Abstract / Excerpt:
Objectives: The purpose of this study is to look into the patterns and relationships of polygonal numbers. This study will attempt to discover arithmetic and geometric characteristics.
Methodology: From the reading materials, the researcher extracted all the common plane figurate numbers starting from the first order polygonal numbers to the second order polygonal numbers until the sixth order polygonal numbers.

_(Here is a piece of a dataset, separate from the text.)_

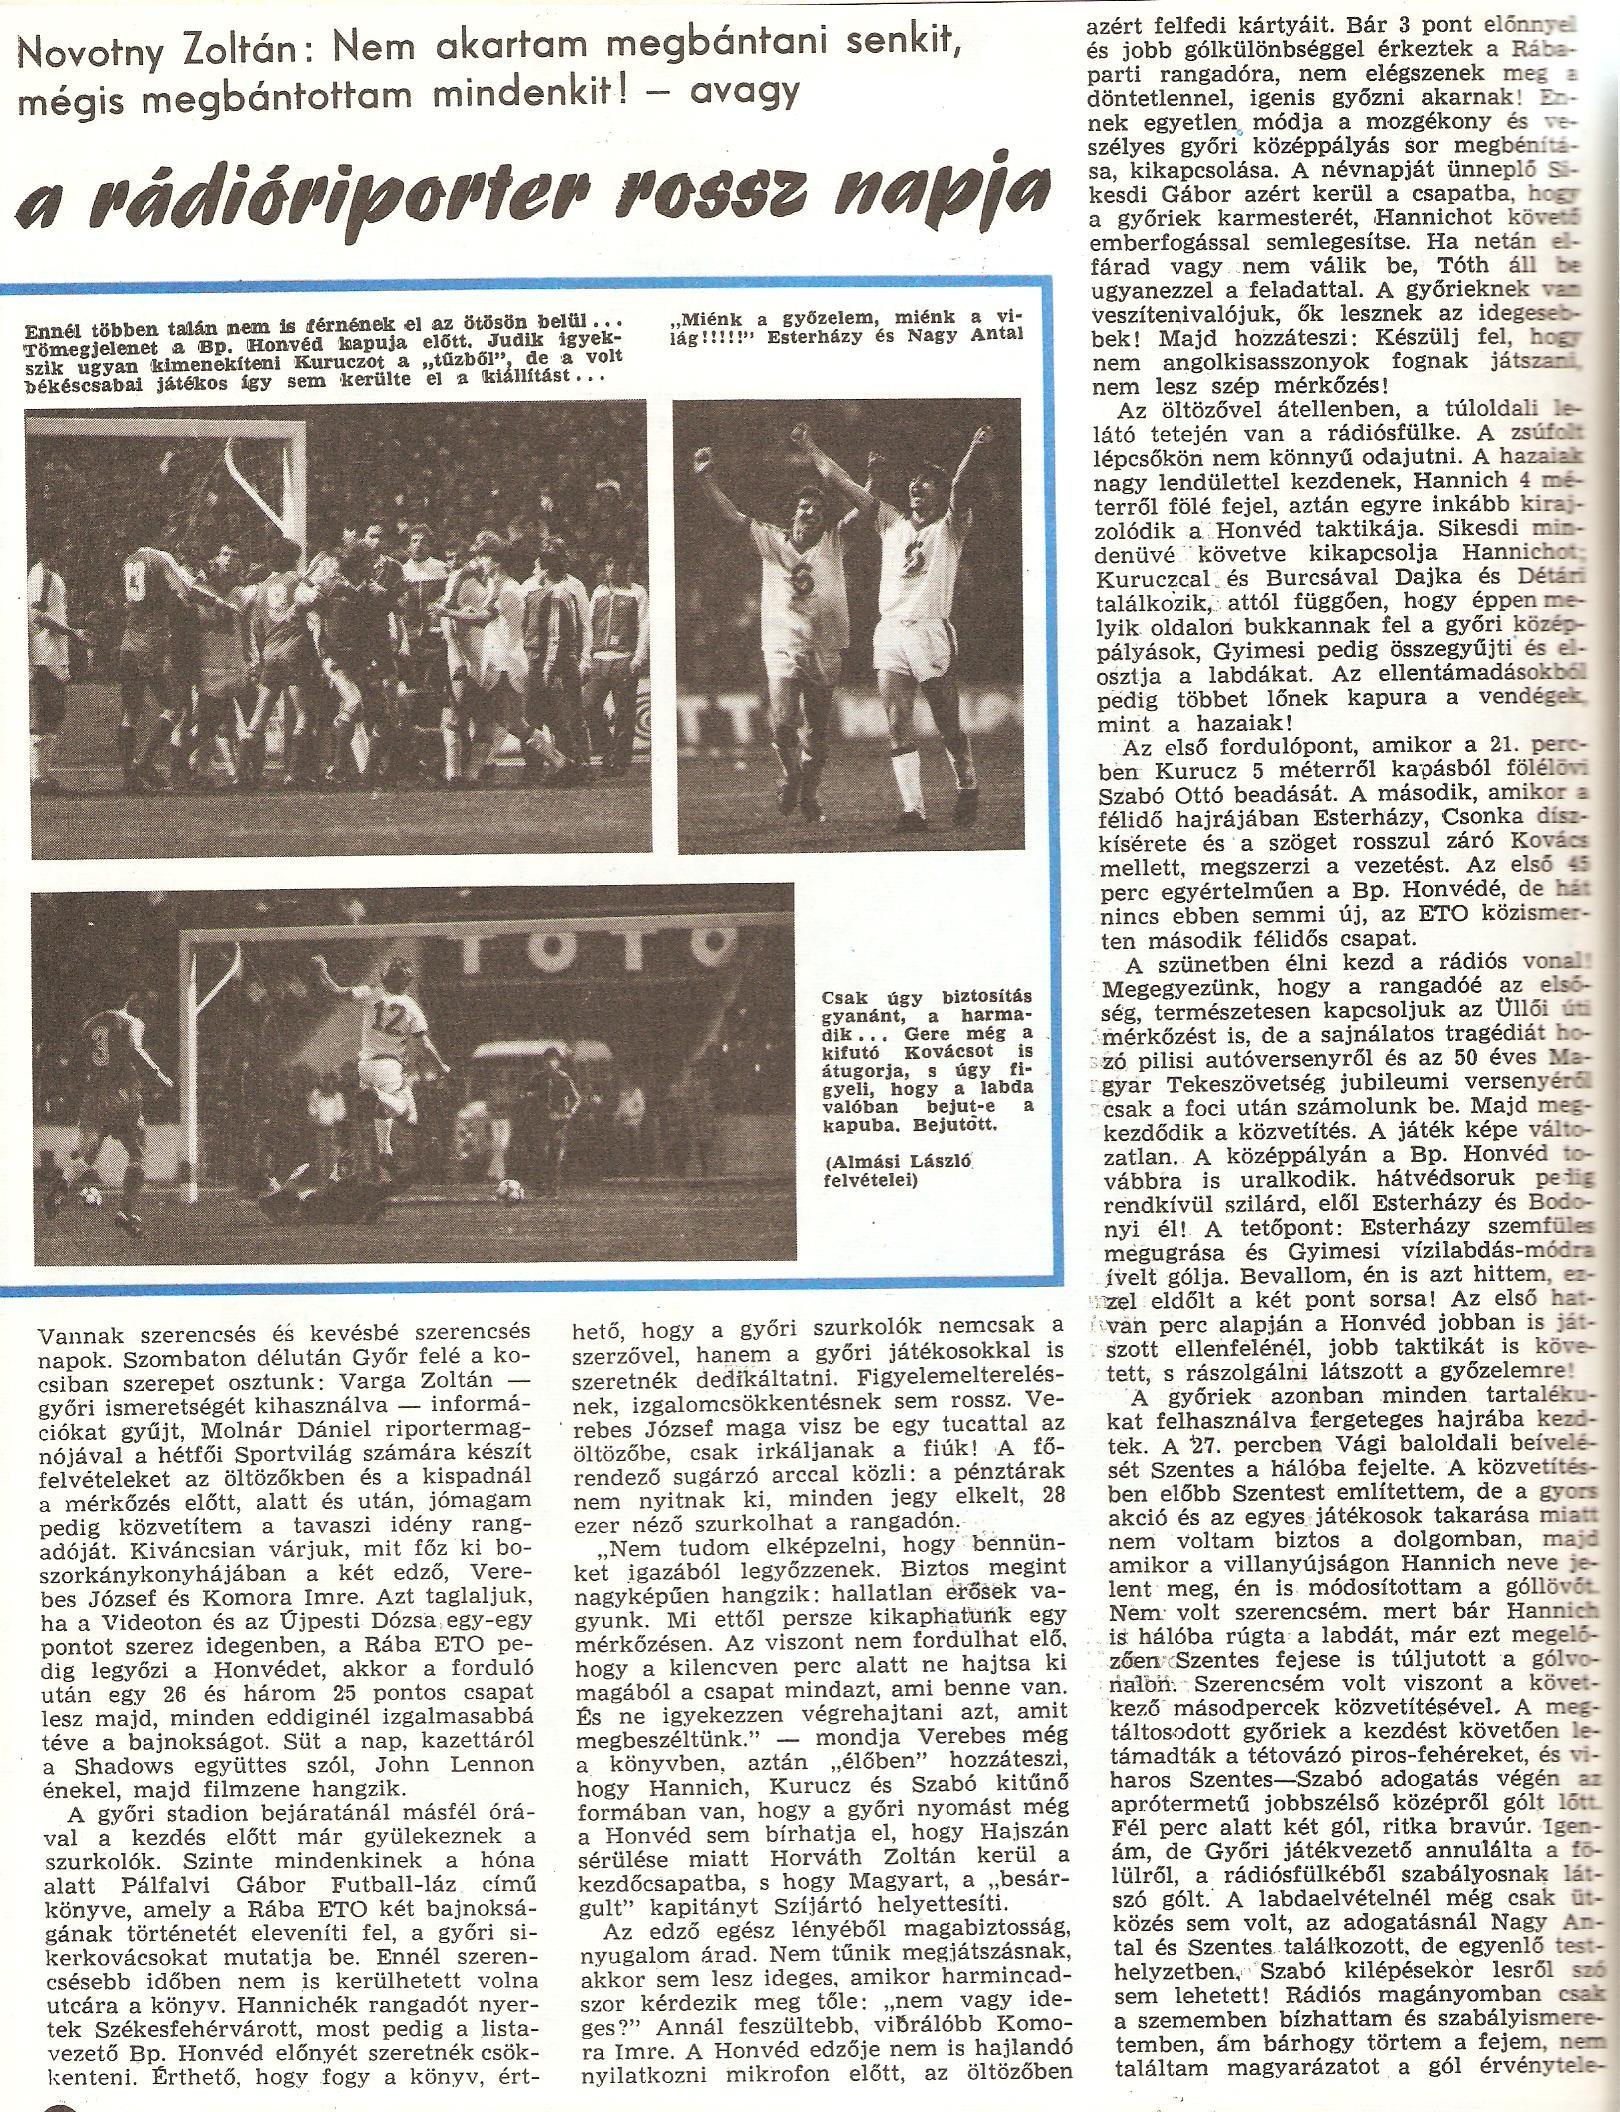 Idokapszula_nb1_1983-84_19_fordulo_Raba_Honved3.jpg
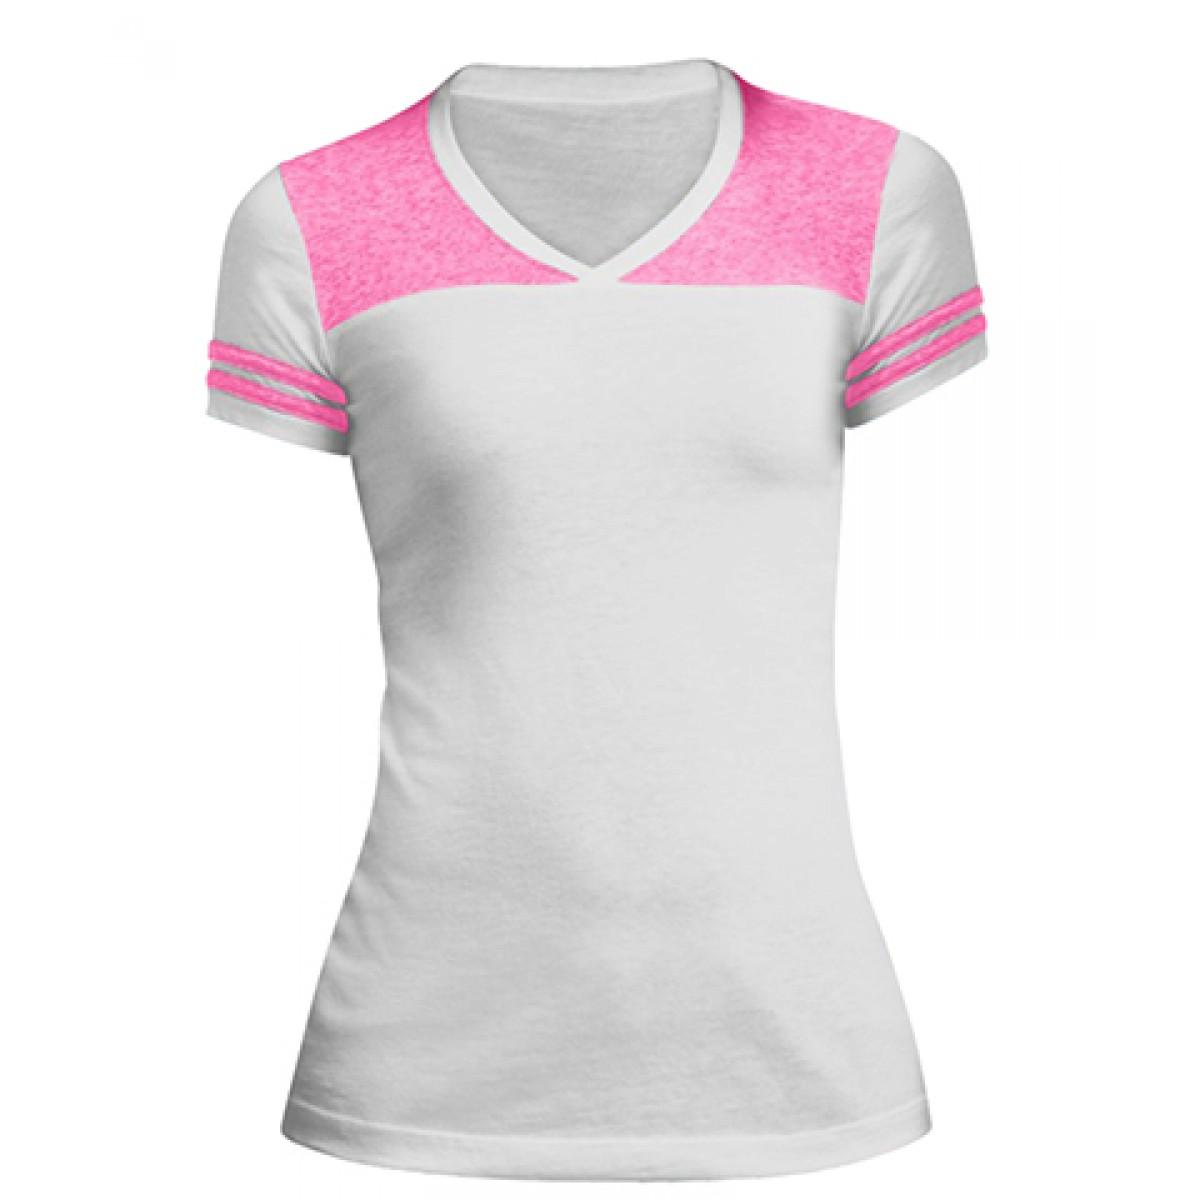 Juniors Varsity V-Neck Tee-White/Pink-3XL

Conclusions: Apparently, there are arithmetical patterns and relationships that exist among polygonal numbers. (1) The nth square number is the sum of the nth and the (n-1)th triangular numbers. (2) The nth square number is equal to n plus two times the (n-1)th triangular number. (3) The nth pentagonal number is equal to twice the (n-1)th triangular number plus the nth triangular number. (4) The nth pentagonal number is equal to the (n-1)th triangular number plus the nth square number. (5) The nth pentagonal number is equal to n plus three times the (n-1)th triangular number. (6) The nth hexagonal number is equal to the sum of the nth triangular number plus three times the (n-1)th triangular number. (7) The nth hexagonal number is the sum of the nth pentagonal number plus the (n-1)th triangular number. (8) The nth hexagonal number is equal to the nth square number plus twice the (n-1)th triangular number. (9) The nth hexagonal number is equal to four (n-1)th triangular number plus n. (10) The nth heptagonal number is equal to the nth triangulatr number plus n. (11) The nth heptagonal number is equal to the nth hexagonal number plus the (n-1) triangular number. (12) The nth heptagonal number is equal to the nth pentagonal number plus twice the (n-1)th triangular numbers. (13) The nth heptagonal number is equal to the nth square number plus three (n-1)th triangular numbers. (14) The nth heptagonal number is equal to five (n-1)th triangular number plus n. (15) The nth octgonal number is equal to the nth triangular number plus five (n-1)th triangular numbers. (16) The nth octagonal number is the sum of the nth heptagonal number and the (n-1)th triangular number. (17) The nth octagonal number is equal to the sum of the nth hexagonal number plus two times the (n-1)th triangular number. (18) The nth octagonal number is equal to the nth pentagonal number plus three (n-1)th triangular numbers. (19) The nth octagonal number is equal to the nth square number plus four (n-1)th triangular numbers.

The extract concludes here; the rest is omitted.